JSON key Env key(s) Type Default Constraints Summary
tracing.alert_include_resolved ALERT_INCLUDE_RESOLVED int 1 ≥ 0, ≤ 1 Include resolved alerts
tracing.alert_notify_severities ALERT_NOTIFY_SEVERITIES str "critical,warning" Alert severities to notify
tracing.alert_webhook_timeout ALERT_WEBHOOK_TIMEOUT int 5 ≥ 1, ≤ 30 Alert webhook timeout (seconds)
tracing.langchain_endpoint LANGCHAIN_ENDPOINT str "https://api.smith.langchain.com" LangChain/LangSmith API endpoint
tracing.langchain_project LANGCHAIN_PROJECT str "tribrid" LangChain project name
tracing.langchain_tracing_v2 LANGCHAIN_TRACING_V2 int 0 ≥ 0, ≤ 1 Enable LangChain v2 tracing
tracing.langtrace_api_host LANGTRACE_API_HOST str "" LangTrace API host
tracing.langtrace_project_id LANGTRACE_PROJECT_ID str "" LangTrace project ID
tracing.log_level LOG_LEVEL str "INFO" pattern=^(DEBUG|INFO|WARNING|ERROR)$ Logging level
tracing.metrics_enabled METRICS_ENABLED int 1 ≥ 0, ≤ 1 Enable metrics collection
tracing.prometheus_port PROMETHEUS_PORT int 9090 ≥ 1024, ≤ 65535 Prometheus metrics port
tracing.trace_auto_ls TRACE_AUTO_LS int 1 ≥ 0, ≤ 1 Auto-enable LangSmith tracing
tracing.trace_retention TRACE_RETENTION int 50 ≥ 10, ≤ 500 Number of traces to retain
tracing.trace_sampling_rate TRACE_SAMPLING_RATE float 1.0 ≥ 0.0, ≤ 1.0 Trace sampling rate (0.0-1.0)
tracing.tracing_enabled TRACING_ENABLED int 1 ≥ 0, ≤ 1 Enable distributed tracing
tracing.tracing_mode TRACING_MODE str "langsmith" pattern=^(langsmith|local|none|off)$ Tracing backend mode
tracing.tribrid_log_path TRIBRID_LOG_PATH str "data/logs/queries.jsonl" Query log file path

Details (glossary)

tracing.alert_include_resolved (ALERT_INCLUDE_RESOLVED) — Alert Include Resolved

Category: general

ALERT_INCLUDE_RESOLVED controls whether the alert pipeline emits a second notification when an incident transitions from firing to resolved. In this stack, keeping it enabled (1, default) gives on-call responders explicit closure signals, which helps reconcile incident timelines and downstream ticket automation. Disabling it (0) reduces message volume but removes recovery-state visibility, so unresolved-looking alerts can persist in chat channels or incident tools even after the condition clears. Use 1 when you rely on auditability and MTTR measurement, and only disable it if notification fatigue is materially harming response quality.

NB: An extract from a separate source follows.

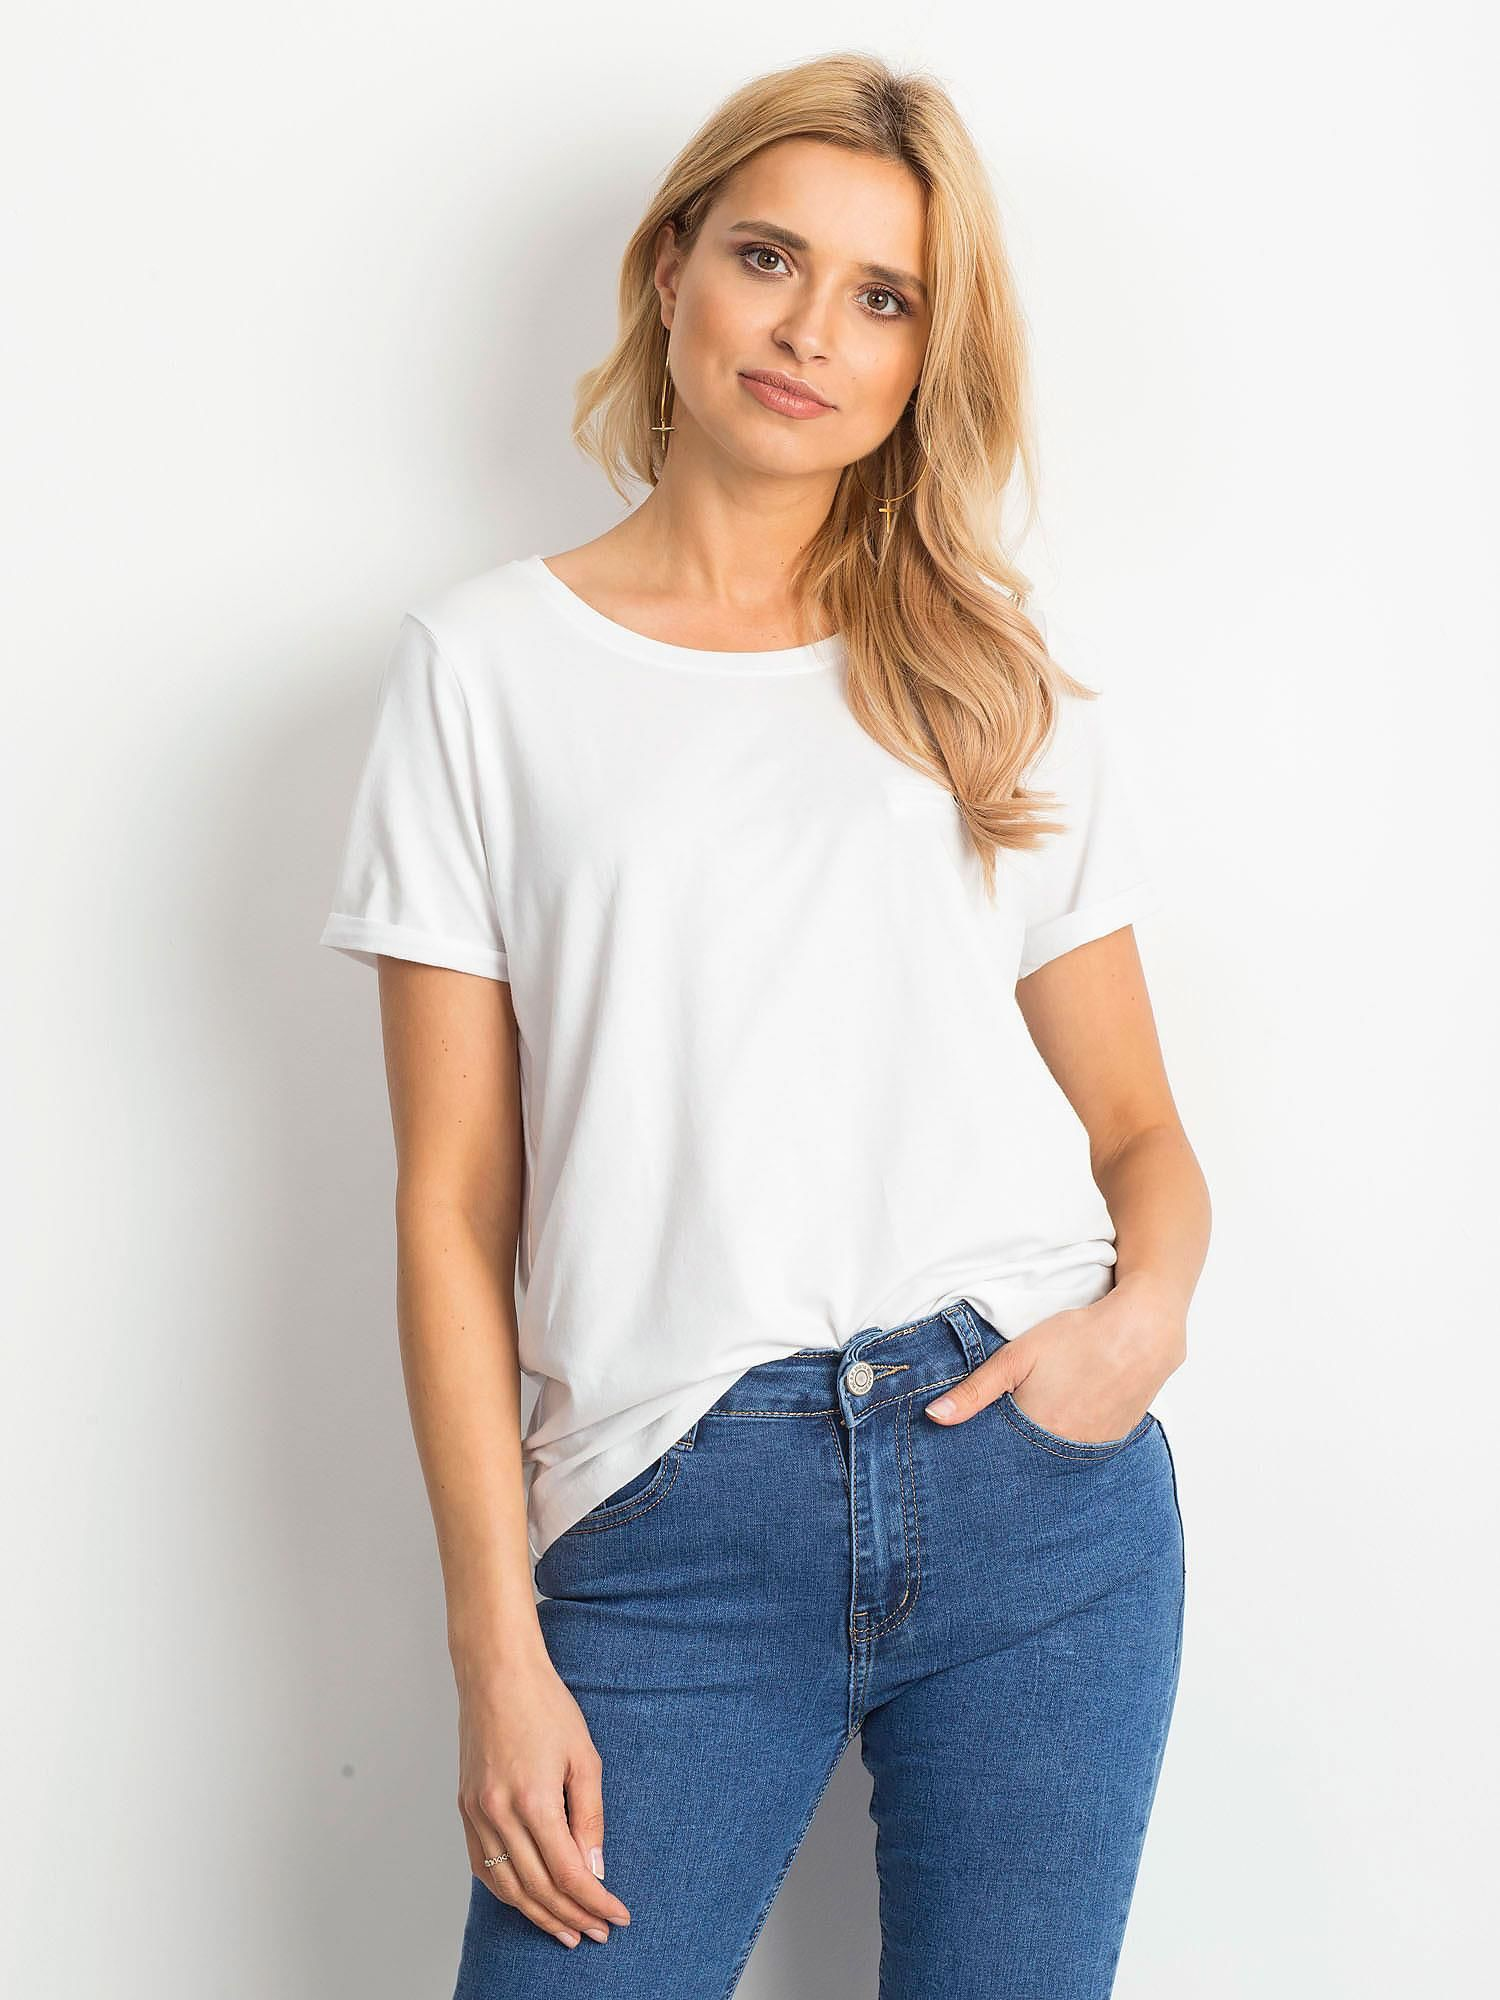 Dámske biele bavlnené tričko - XS

Links: - Root Cause Analysis Method Based on Large Language Models with Residual Connection Structures (arXiv) - Prometheus Alertmanager webhook_config (send_resolved) - PagerDuty Events API v2 Overview - OpenTelemetry Log Data Model: Severity Fields

tracing.alert_notify_severities (ALERT_NOTIFY_SEVERITIES) — Alert Notify Severities

Category: general

ALERT_NOTIFY_SEVERITIES is the final severity allowlist applied before outbound notification fan-out, using a comma-separated vocabulary such as critical,warning. The configured values must match the exact severity labels emitted upstream, otherwise valid alerts can be silently filtered out at dispatch time. With the default critical,warning, the system typically captures high-urgency incidents while limiting low-signal noise; adding info expands coverage but increases paging and webhook traffic. Treat this setting as an operations policy control: tune it against real incident outcomes, not just raw alert counts.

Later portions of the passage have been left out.